Australia cuts Myanmar ties over coup
Australia is suspending military ties with Myanmar as the death toll rises following a coup led by the South-East Asian country's army.
Foreign Affairs Minister Marise Payne released a statement on Sunday night condemning the use of lethal force and violence against civilian protesters.
"Australia has raised our grave concerns about the military coup in Myanmar and the escalating violence and rising death toll following the events of 1 February," she said. "We condemn the use of lethal force or violence against civilians exercising their universal rights, including the right to freedom of expression and peaceful assembly."
Ms Payne called on Myanmar's security forces "to exercise restraint and refrain from violence against civilians."
She added: "Australia has had a limited bilateral Defence Cooperation Program with Myanmar's military, restricted to non-combat areas such as English language training. This program will be suspended."
Her statement comes as horrific photos emerged from the country this week amid a brutal crackdown by the regime using bullets and tear gas. Wednesday marked the "bloodiest day" so far, with at least 38 protesters killed and scores more injured after authorities opened fire on crowds.
The UN's envoy to Myanmar Christine Schraner Burgener said that more than 50 had died since the military coup last month.
The chaos began on February 1 when the army deposed the democratically elected government and detained leader Aung San Suu Kyi.
Ms Payne also reiterated calls for the release of Australian academic Sean Turnell, who has been detained in Myanmar with limited consular access for more than 30 days.
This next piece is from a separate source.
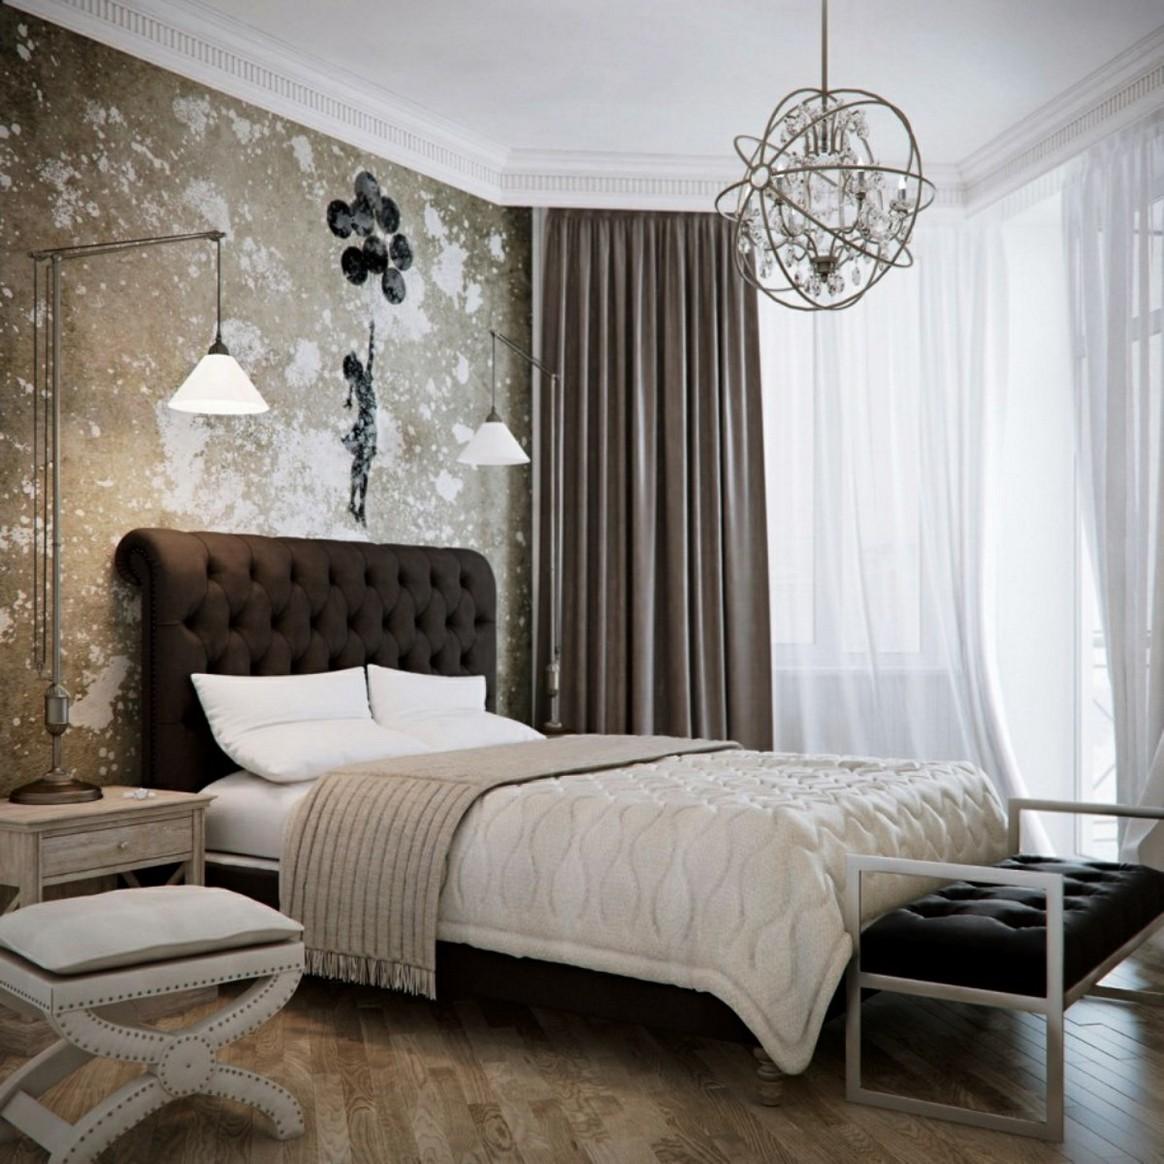 diy home decor ideas for unique home decor ideas bedroom 1 1

"We call for the immediate release of Professor Sean Turnell, State Counsellor Aung San Suu Kyi, President Win Myint and others who have been arbitrarily detained since 1 February," she said in the statement.
"As a longstanding supporter of Myanmar's democratic transition, Australia has been reviewing its Myanmar policy settings. We have also undertaken extensive consultations with our international partners particularly our ASEAN neighbours, Japan and India. The political stability of ASEAN member states is essential to achieving our vision for a secure, peaceful, prosperous and open Indo-Pacific region with ASEAN at its centre."
Ms Payne said that Australia's development program was to be re-directed to "the immediate humanitarian needs of the most vulnerable and poor including the Rohingyas and other ethnic minorities" and that it would "seek to ensure" this engagement was with non-government organisations.
The foreign minister said that Australia would "continue to review" its sanctions regime - already includes an arms embargo on supplying weapons to Myanmar and specific sanctions on a number of individuals.
"We call on the Myanmar regime to engage in dialogue," she added.